-- Material provided follows --

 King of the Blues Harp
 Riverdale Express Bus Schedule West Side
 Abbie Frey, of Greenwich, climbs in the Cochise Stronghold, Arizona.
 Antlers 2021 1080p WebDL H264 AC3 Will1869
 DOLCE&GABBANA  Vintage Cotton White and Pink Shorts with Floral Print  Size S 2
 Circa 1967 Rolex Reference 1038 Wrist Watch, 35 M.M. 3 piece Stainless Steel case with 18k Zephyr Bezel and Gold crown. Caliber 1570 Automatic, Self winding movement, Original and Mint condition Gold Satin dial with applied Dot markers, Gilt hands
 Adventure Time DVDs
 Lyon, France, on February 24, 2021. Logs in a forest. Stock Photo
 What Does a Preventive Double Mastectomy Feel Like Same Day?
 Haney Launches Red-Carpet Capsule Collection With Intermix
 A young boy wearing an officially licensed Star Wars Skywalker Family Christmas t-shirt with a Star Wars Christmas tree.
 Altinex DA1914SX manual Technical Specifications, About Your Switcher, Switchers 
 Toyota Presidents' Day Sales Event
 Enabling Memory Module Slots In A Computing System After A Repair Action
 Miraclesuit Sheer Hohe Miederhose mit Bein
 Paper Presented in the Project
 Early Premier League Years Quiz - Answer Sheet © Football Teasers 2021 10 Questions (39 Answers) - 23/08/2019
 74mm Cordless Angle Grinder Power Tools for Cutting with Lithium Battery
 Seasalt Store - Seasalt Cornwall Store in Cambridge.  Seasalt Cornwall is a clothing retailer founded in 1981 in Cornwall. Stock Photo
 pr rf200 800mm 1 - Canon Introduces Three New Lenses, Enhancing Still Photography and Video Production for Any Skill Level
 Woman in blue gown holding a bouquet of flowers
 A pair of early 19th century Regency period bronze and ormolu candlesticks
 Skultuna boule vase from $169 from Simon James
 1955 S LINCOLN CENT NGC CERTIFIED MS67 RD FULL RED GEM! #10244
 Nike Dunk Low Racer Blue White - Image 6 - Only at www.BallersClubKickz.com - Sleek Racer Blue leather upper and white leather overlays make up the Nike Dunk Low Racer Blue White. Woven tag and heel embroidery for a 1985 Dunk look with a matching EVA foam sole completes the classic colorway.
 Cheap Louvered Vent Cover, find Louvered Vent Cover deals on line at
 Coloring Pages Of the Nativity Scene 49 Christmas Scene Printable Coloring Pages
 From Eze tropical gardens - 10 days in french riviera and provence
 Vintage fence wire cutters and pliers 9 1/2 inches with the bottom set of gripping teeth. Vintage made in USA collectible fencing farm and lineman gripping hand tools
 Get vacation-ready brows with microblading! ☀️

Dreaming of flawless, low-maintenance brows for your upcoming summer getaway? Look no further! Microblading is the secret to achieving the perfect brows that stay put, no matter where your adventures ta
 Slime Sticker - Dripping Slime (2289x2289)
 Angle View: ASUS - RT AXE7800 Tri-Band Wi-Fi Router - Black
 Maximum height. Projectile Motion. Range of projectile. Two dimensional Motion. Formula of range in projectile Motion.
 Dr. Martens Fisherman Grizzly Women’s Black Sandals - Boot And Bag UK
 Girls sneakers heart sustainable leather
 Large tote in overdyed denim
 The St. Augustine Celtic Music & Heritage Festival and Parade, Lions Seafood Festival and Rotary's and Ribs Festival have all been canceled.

-- Material provided concluded --

Considering only the data above, return the lines in which "leather" occurs.

 Nike Dunk Low Racer Blue White - Image 6 - Only at www.BallersClubKickz.com - Sleek Racer Blue leather upper and white leather overlays make up the Nike Dunk Low Racer Blue White. Woven tag and heel embroidery for a 1985 Dunk look with a matching EVA foam sole completes the classic colorway.
 Girls sneakers heart sustainable leather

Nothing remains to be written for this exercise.